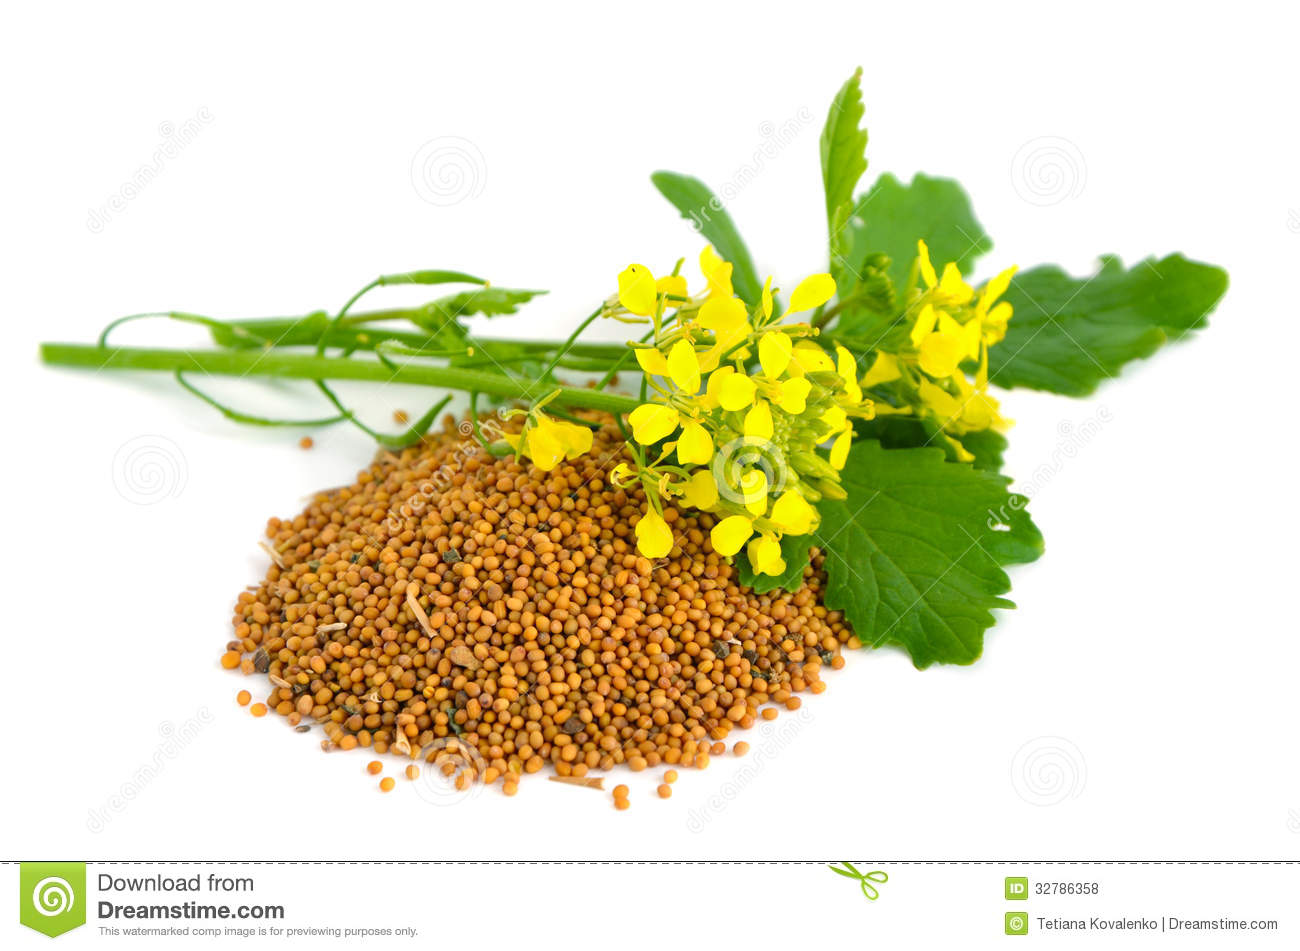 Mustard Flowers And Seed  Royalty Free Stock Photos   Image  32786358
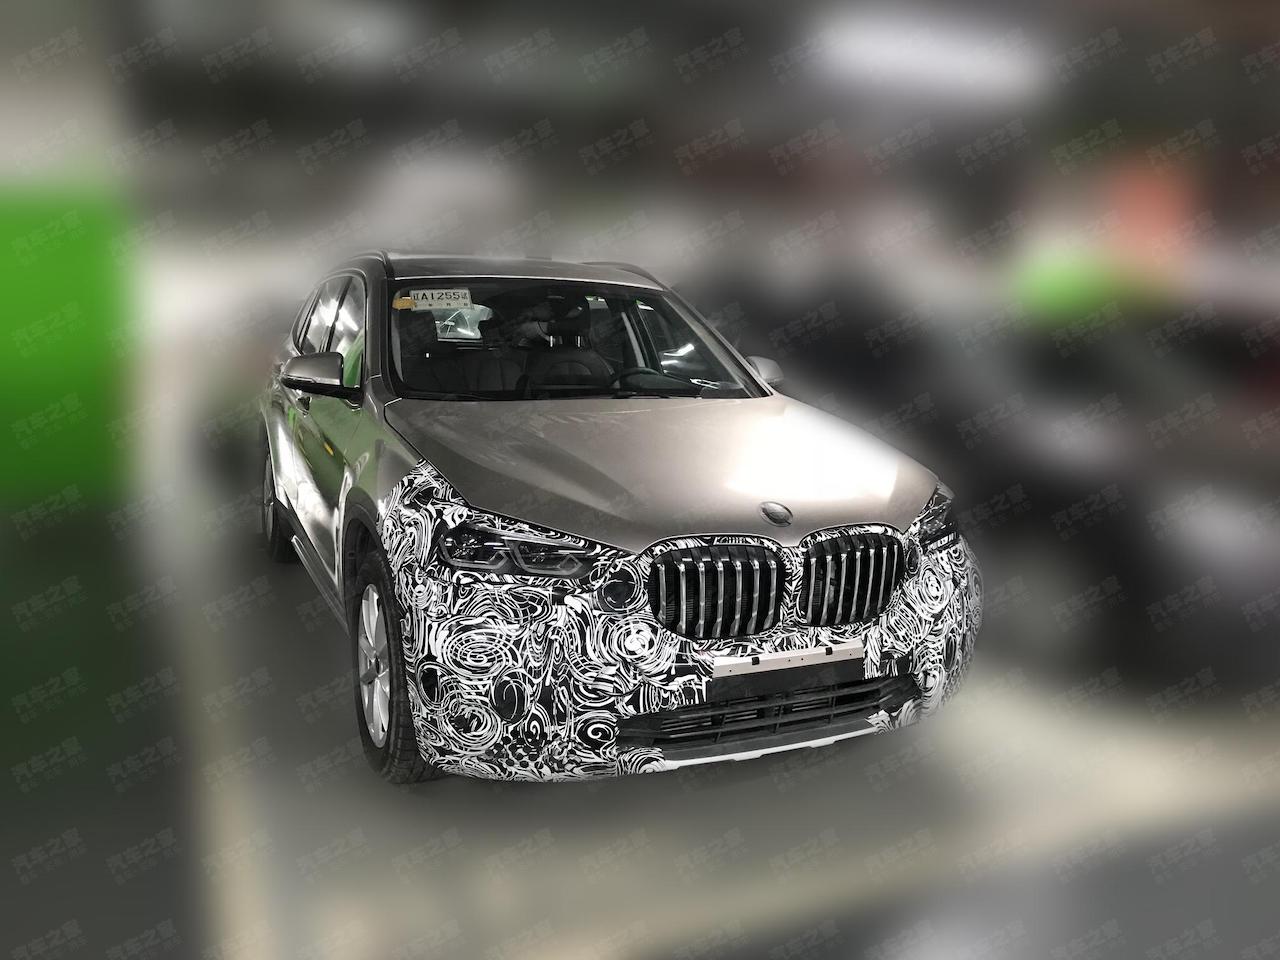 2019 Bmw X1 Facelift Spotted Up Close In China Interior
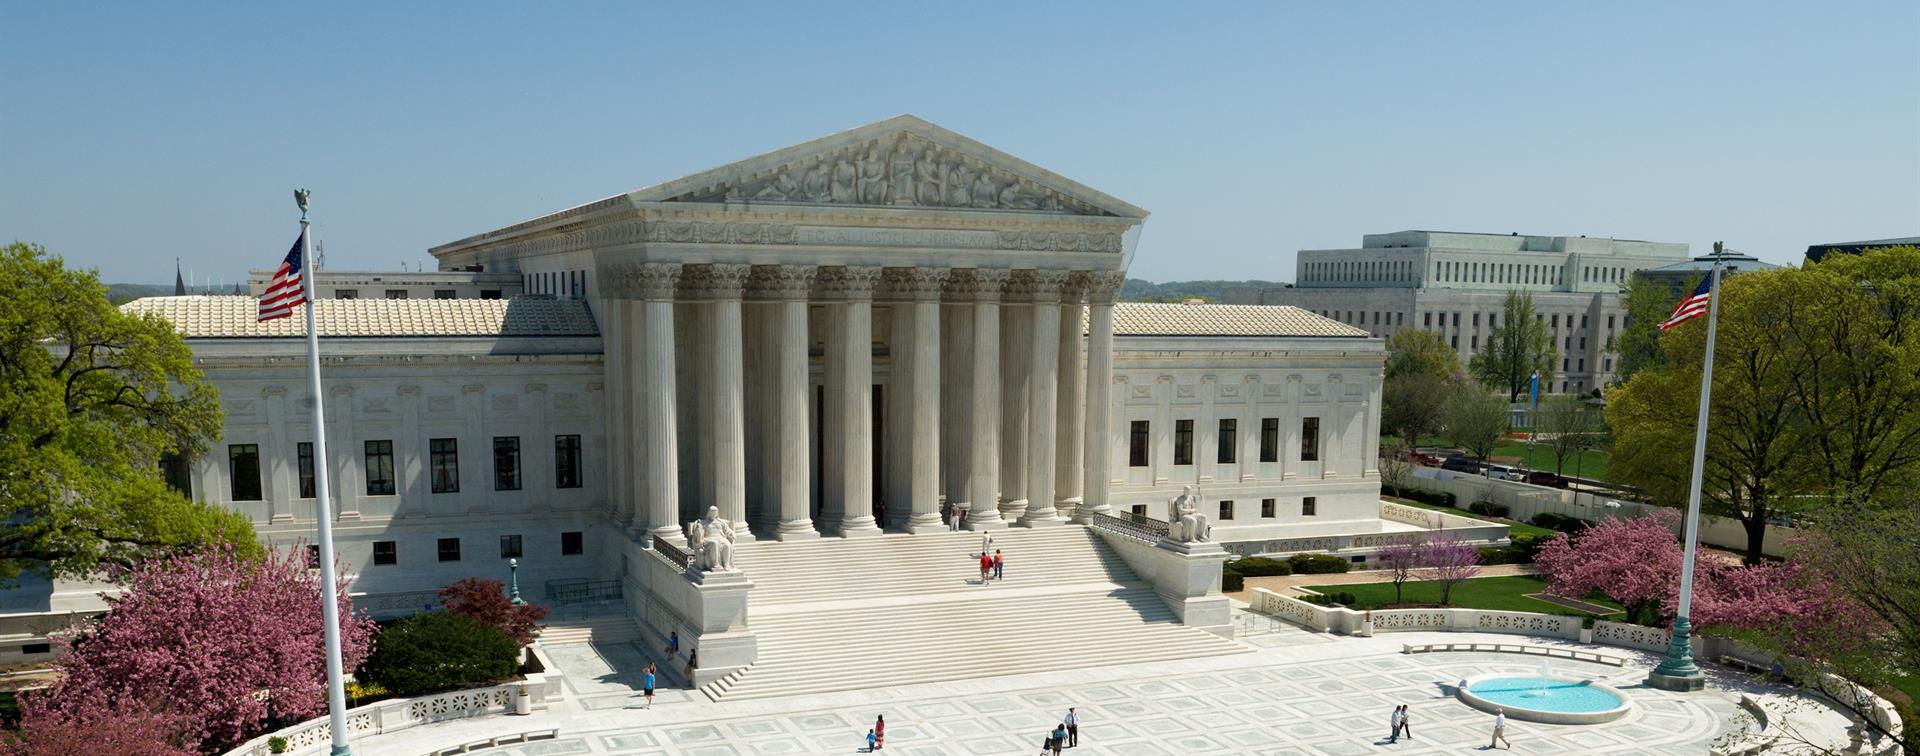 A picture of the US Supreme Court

* * *

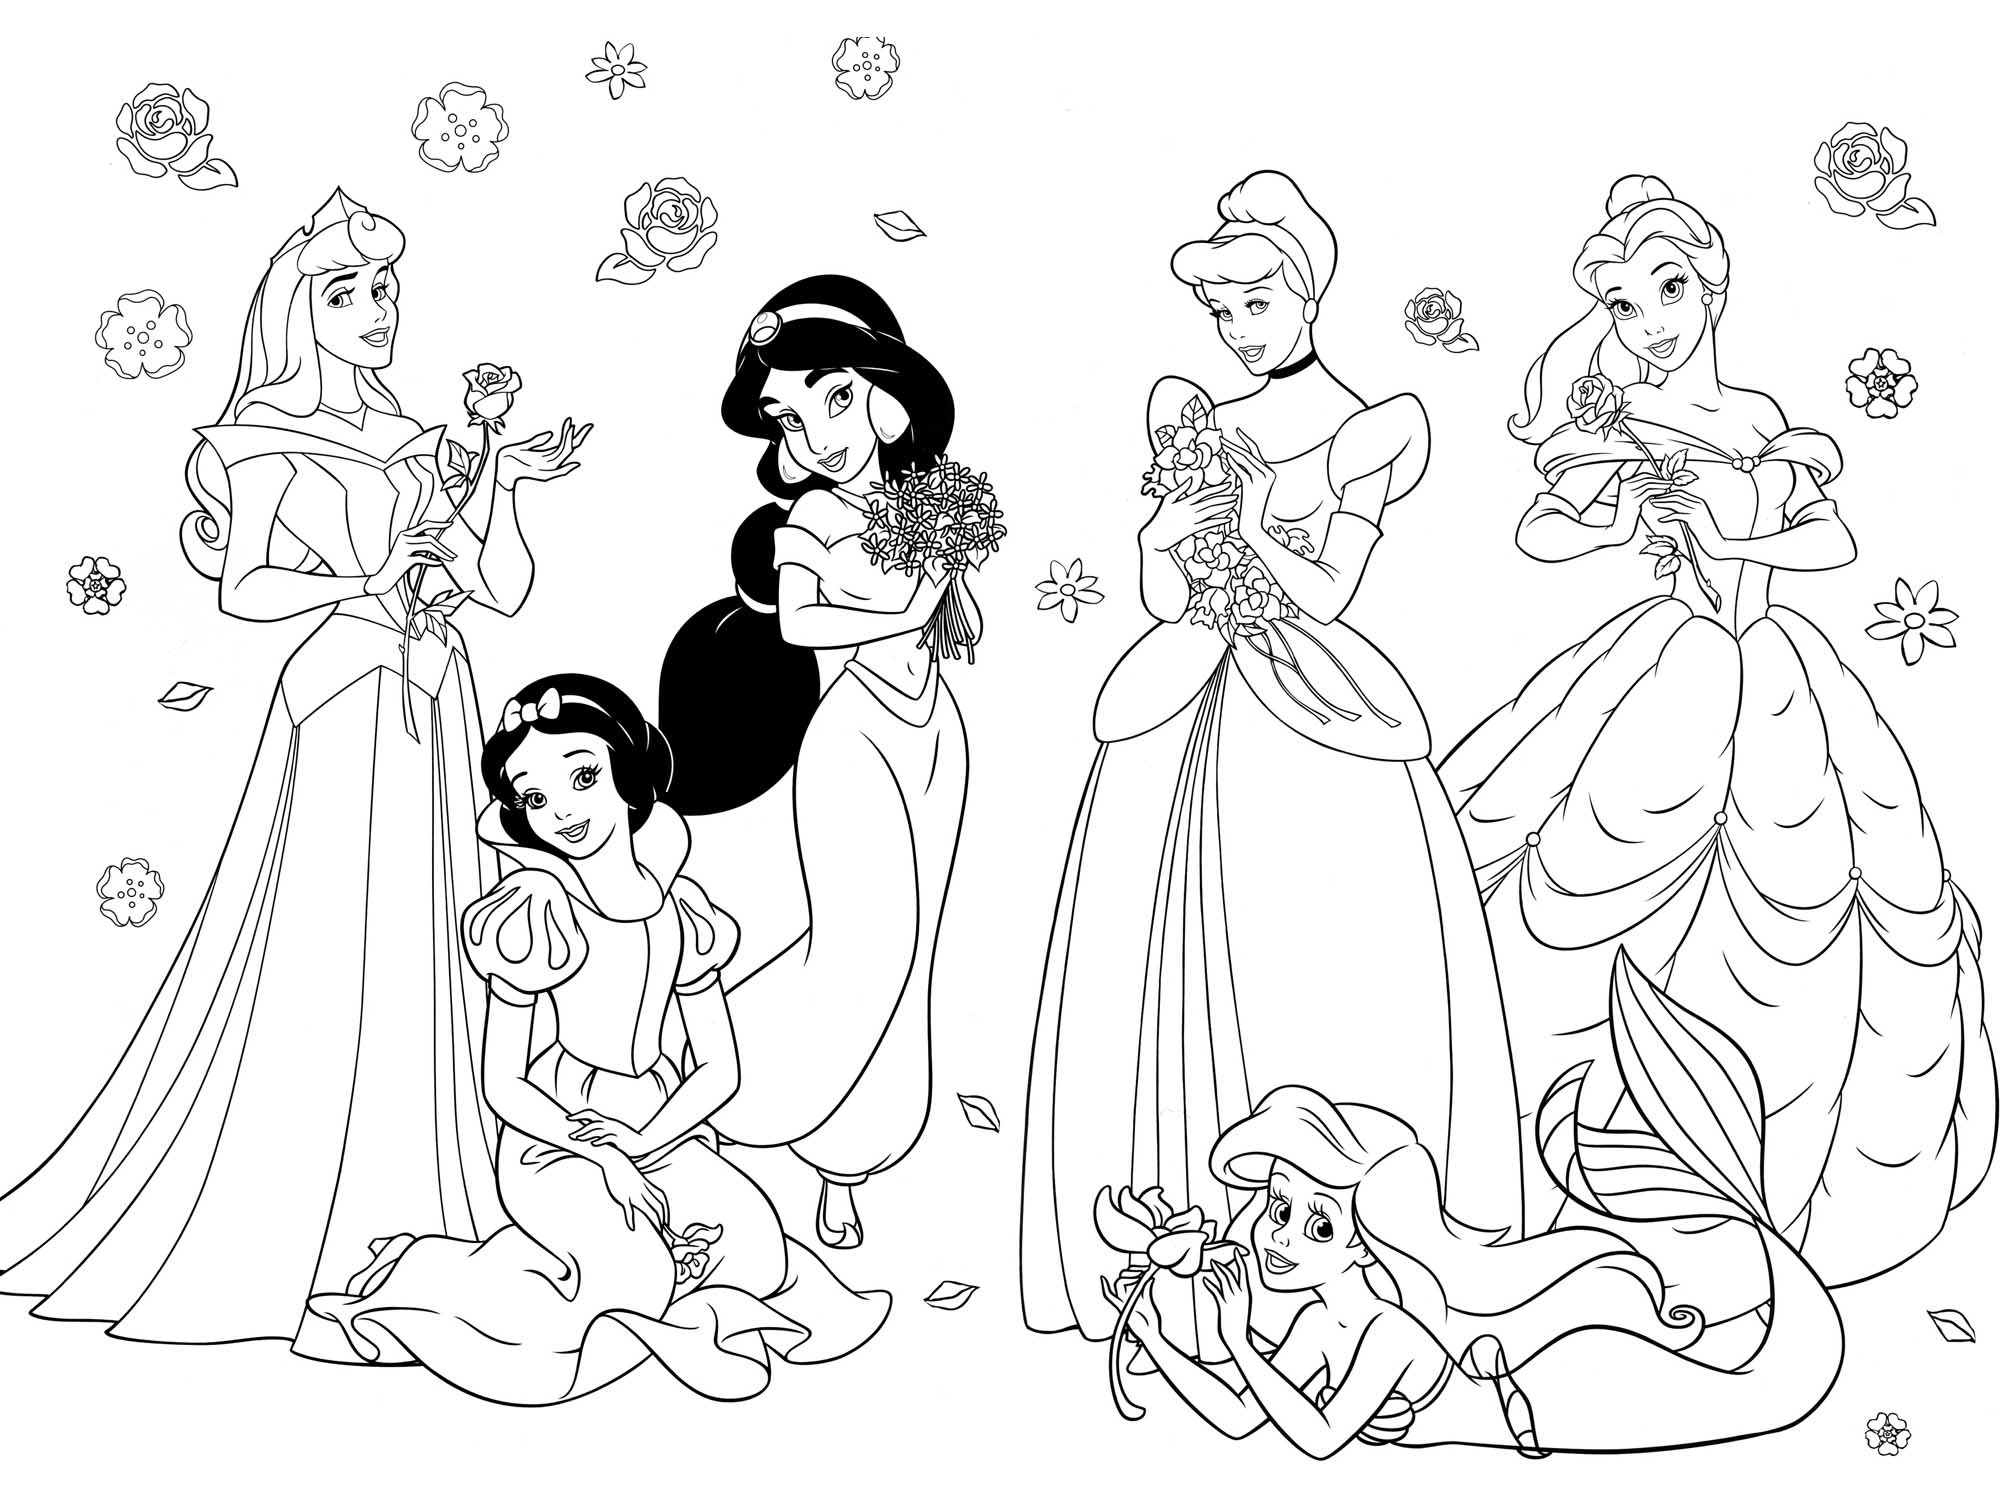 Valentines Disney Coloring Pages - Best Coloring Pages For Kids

=== Task directions ===
The reply should hold the entries above from the line with "Mustard Flowers And" to the line with "A picture of the US Supreme Court", duplicated exactly, pictures excluded.

=== Answer ===
 Mustard Flowers And Seed  Royalty Free Stock Photos   Image  32786358
 2019 Bmw X1 Facelift Spotted Up Close In China Interior
 A picture of the US Supreme Court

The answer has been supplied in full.